Thursday (24/2)         23:55   BBC4            Price of Gold (2020). Running immediately after the excellent feature, I Tonya, this is a Storyville documentary about the attack on US skater Nancy Kerrigan before the 1994 Winter Olympics, in which her rival, Tonya Harding, was implicated. The truth took years to emerge. (JR)


Oldies

Saturday (19/2)       23:40   Film4                      Jerry Maguire (1996). Tom Cruise plays Jerry, a high powered US sports agent who, after a sudden attack of conscience, is fired and left clinging on to a solitary client, played by Cuba Gooding Jr as grid-iron star Rod Tidwell. Cameron Crowe directs, and Renée Zellewegger (before she was persuaded to turn her face into an artwork) is Jerry’s love interest, in this charming, quotable romcom. Show me the money! (MH)

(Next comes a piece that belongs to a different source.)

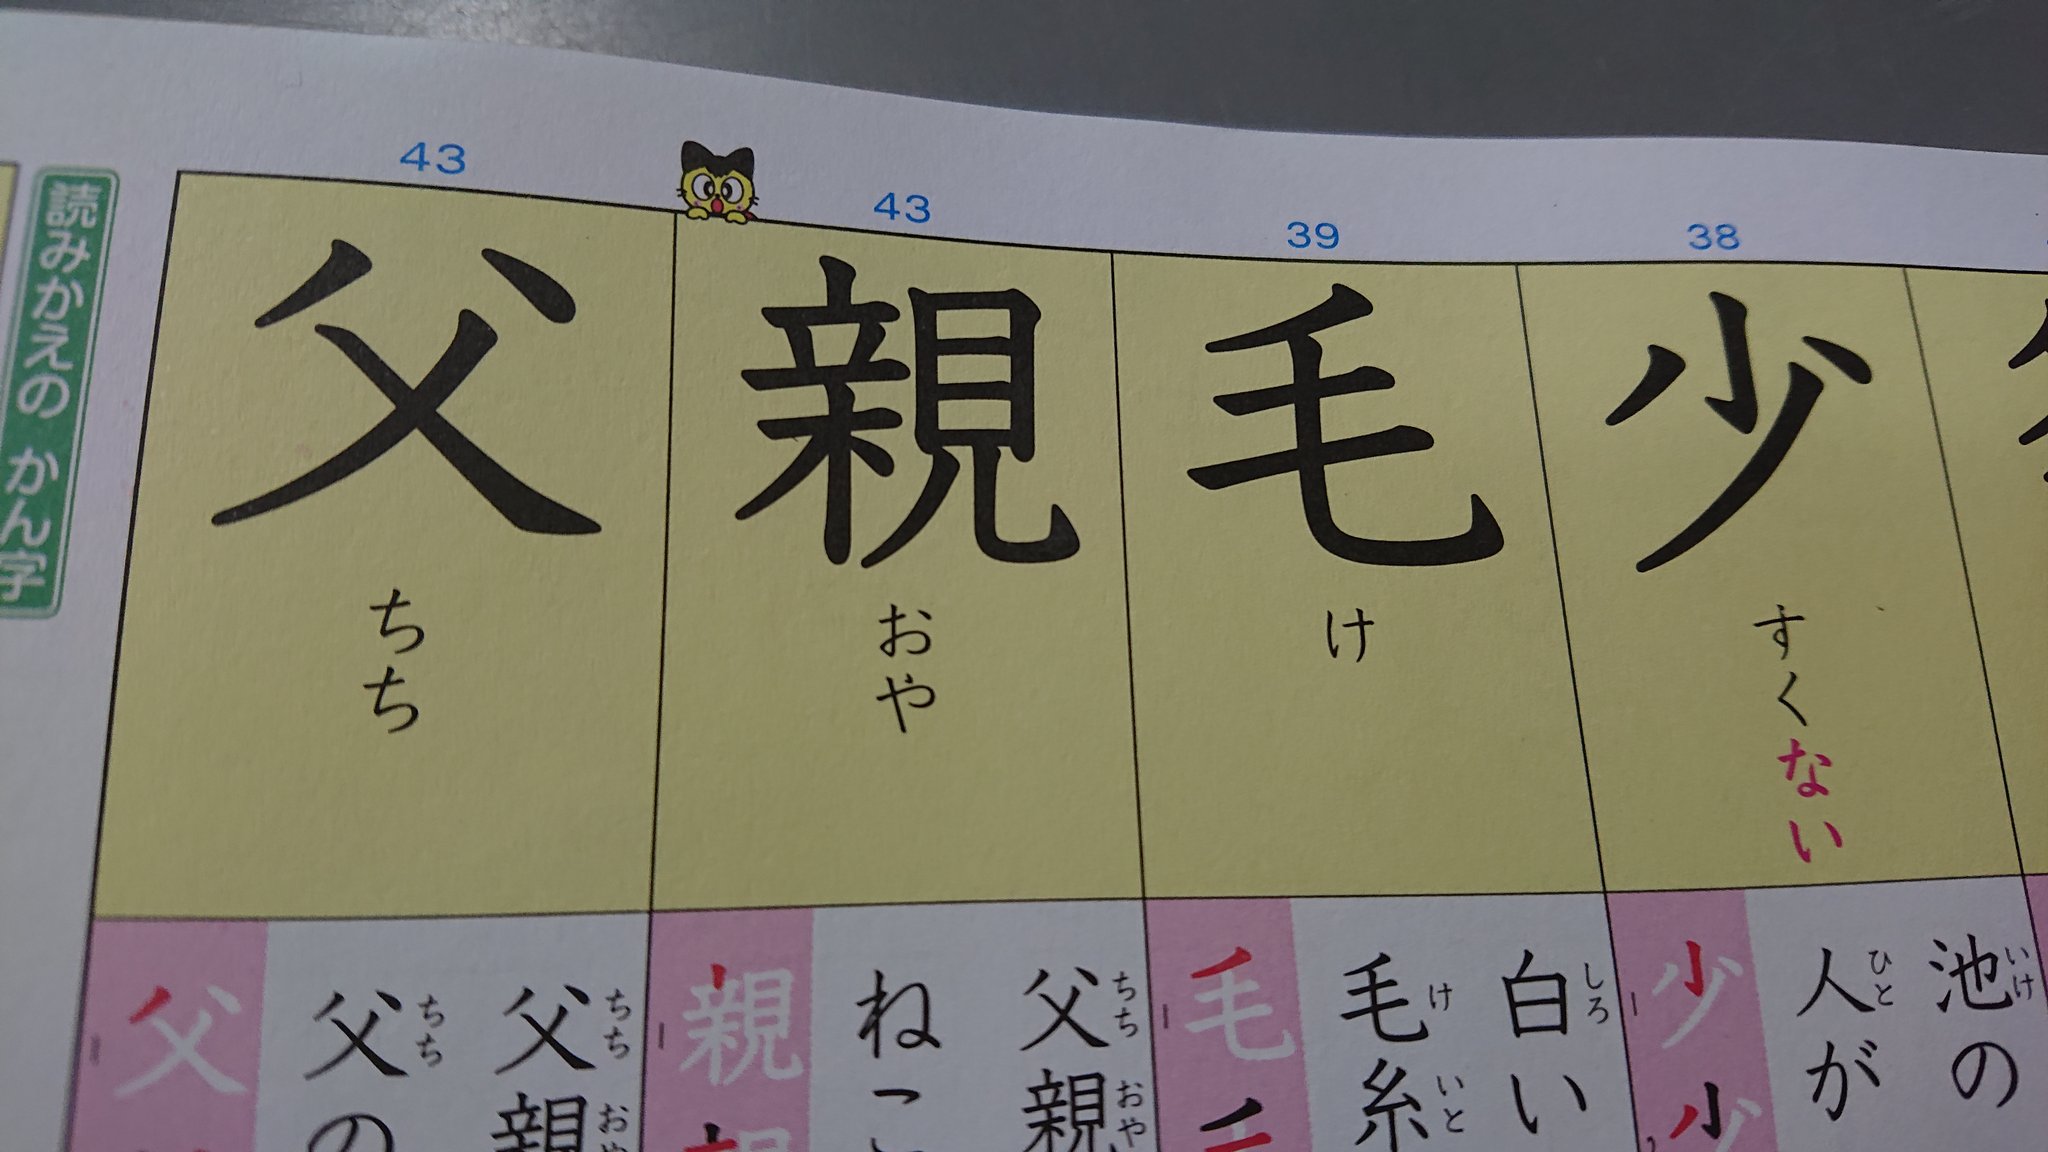 子どもの漢字練習帳のおもしろい漢字の並び 笑

Sunday (20/2)          22:05   Talking Pictures    The Man from Snowy River (1982). Much-loved Australian Western, directed by George Miller (who subsequently hit it big with the animatronic anthropomorphic Babe), starring Kirk Douglas. Warm-hearted family-friendly paean to the rugged Aussie landscape and uncomplicated Aussie people. (JM)

Thursday (24/2)       07:30   Talking Pictures    Champion (1949). Unflinching boxing movie about a drifter (Kirk Douglas) who is hustled into prize-fighting and then comes to embrace the trade before losing his soul to the hedonistic opportunities it affords. Directed by Mark Robson and written by Carl Foreman from a story by Ring Lardner.

                11:00   Film4                     The Far Country (1955). Anthony Mann Western, set during the Yukon goldrush, starring Jimmy Stewart as an unwonted anti-hero, a corrupt lawman persecuting some cattlemen who foolishly head for the goldfields.

                                    23:15   Talking Pictures   Black Sunday (1977). Returning to the paranoid territory of The Manchurian Candidate, John Frankenheimer directs the screen version of Thomas Harris’s novel about a Black September group seeking to explode a Goodyear airship over the Super Bowl stadium, with the US President in the crowd. Robert Shaw, Bruce Dern and Marthe Keller star. Produced by the monstrous Robert Evans (Chinatown, Marathon Man), it was inspired by events at the Munich Massacre at the Olympics in 1972, when 11 Israeli athletes were killed. 

Friday (25/2)             02:05   Talking Pictures   The Day of the Locust (1975). British director John Schlesinger winnowed Nathaniel West’s taut novel about the baleful effects of Hollywood on the American psyche and turned it into a gaudy, surreal horror-satire that upset lovers of the book but pleased a lot of others. With Tod Hacket, Donald Sutherland and Karen Black as the would-be starlet who creates havoc in their lives.